Quando al mattino entro a scuola e attraverso l’atrio tutto tace, la luce è soffusa, pochi insegnanti nelle aule sono intenti negli ultimi preparativi: qualcuno suona il flauto, un altro dà gli ultimi ritocchi al disegno alla lavagna… e tutto è in attesa. E’ il preludio di una musica che avrà inizio solo dopo pochi istanti!

Ad un tratto si sente il suono della campanella, le porte della scuola vengono spalancate ed è tutto un brulicare di bambini e ragazzi che si incontrano, si salutano, chiacchierano fra loro e pian piano si avvicinano alla propria aula. Tutto si anima, prende vita e l’atrio si riempie di gioia, di voci e di calore! Alcuni bambini attraversano il salone un po’ assonnati, altri quasi correndo, ed è tutto un vociare, un brusio attivo, un prepararsi per iniziare la nuova giornata.

E di fronte ad ogni aula c’è qualcuno che aspetta!

Questo è uno dei momenti fondamentali per noi insegnanti. Ogni alunno si prepara, indossa il grembiule, cambia le scarpe, qualche scherzo o risata con i compagni e poi… il saluto al proprio insegnante, una stretta di mano, un incontrarsi con lo sguardo:

 

“Buongiorno Giovanni!”     “Buongiorno maestra!”

 

In questo breve ma intenso attimo avviene uno scambio fra i due esseri: il mondo intorno a noi per un istante non esiste più, io sono con te e tu sei con me, gli occhi parlano e raccontano la realtà del nostro essere.

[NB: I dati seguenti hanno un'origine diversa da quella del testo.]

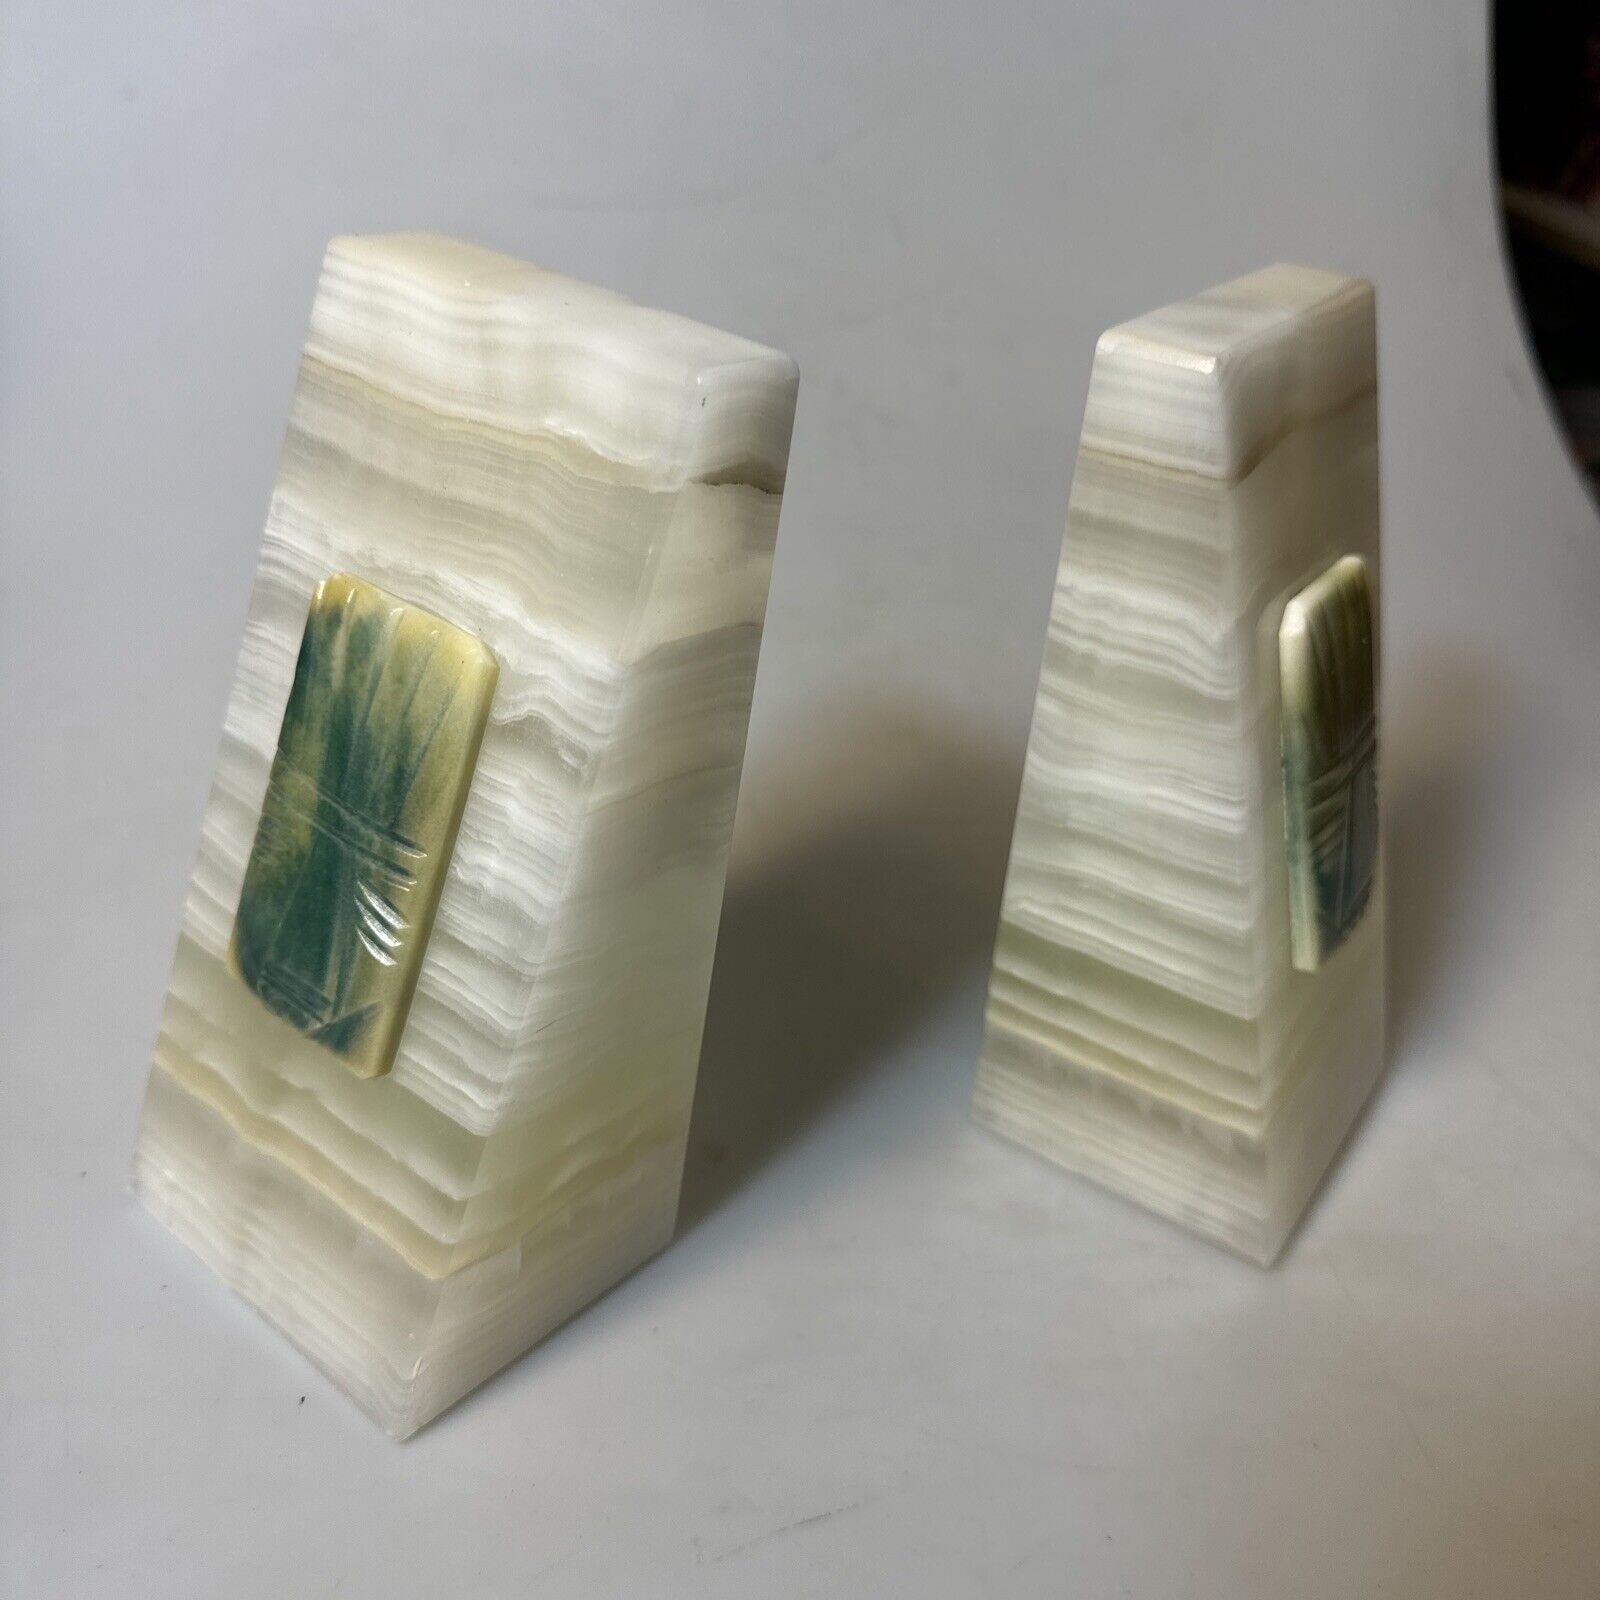 Vintage 60s banded onyx stone pair bookends Mayan green medallion emblems 6.5”

Apparentemente può sembrare solo un bel modo per salutare i bambini; in realtà in quest’incontro ogni bambino e ogni maestro mostrano se stessi nella verità che gli occhi non sanno nascondere.

Ecco allora che arriva quel bambino che mi saluta con un grande sorriso, comincia a raccontarmi mille cose e, dalla velocità della parlantina, sembra abbia solo pochi secondi per farlo. Chi s’avvicina e guardandomi fisso negli occhi stringe con vigore la mia mano quasi volesse dimostrare chi è il più forte. Oppure arriva quel bambino che accenna appena un sussurrato “buongiorno”, vorrebbe evitare di incontrarmi con lo sguardo… forse ha dimenticato qualcosa a casa! Ma un timido sorriso da parte sua e un buffetto sulla guancia da parte mia sciolgono qualsiasi tensione!

E’ bello sentire le diverse strette di mano: chi porta gran calore e determinazione, chi sensibilità e ascolto, chi sicurezza, chi discrezione…

Ognuno porta un aspetto fondamentale ed indispensabile per affrontare una nuova giornata e l’unione e l’accordo che si crea ogni giorno in classe è diverso. Oggi non siamo quelli di ieri, i nostri mondi s’incontrano, si relazionano e avvengono nuovi scambi. Ogni giorno, il semplice gesto dello scambiarci il saluto mattutino non è una formalità, è un nuovo incontro e racchiude in se valori importanti che oggi sono seminati nel cuore e domani daranno buoni frutti.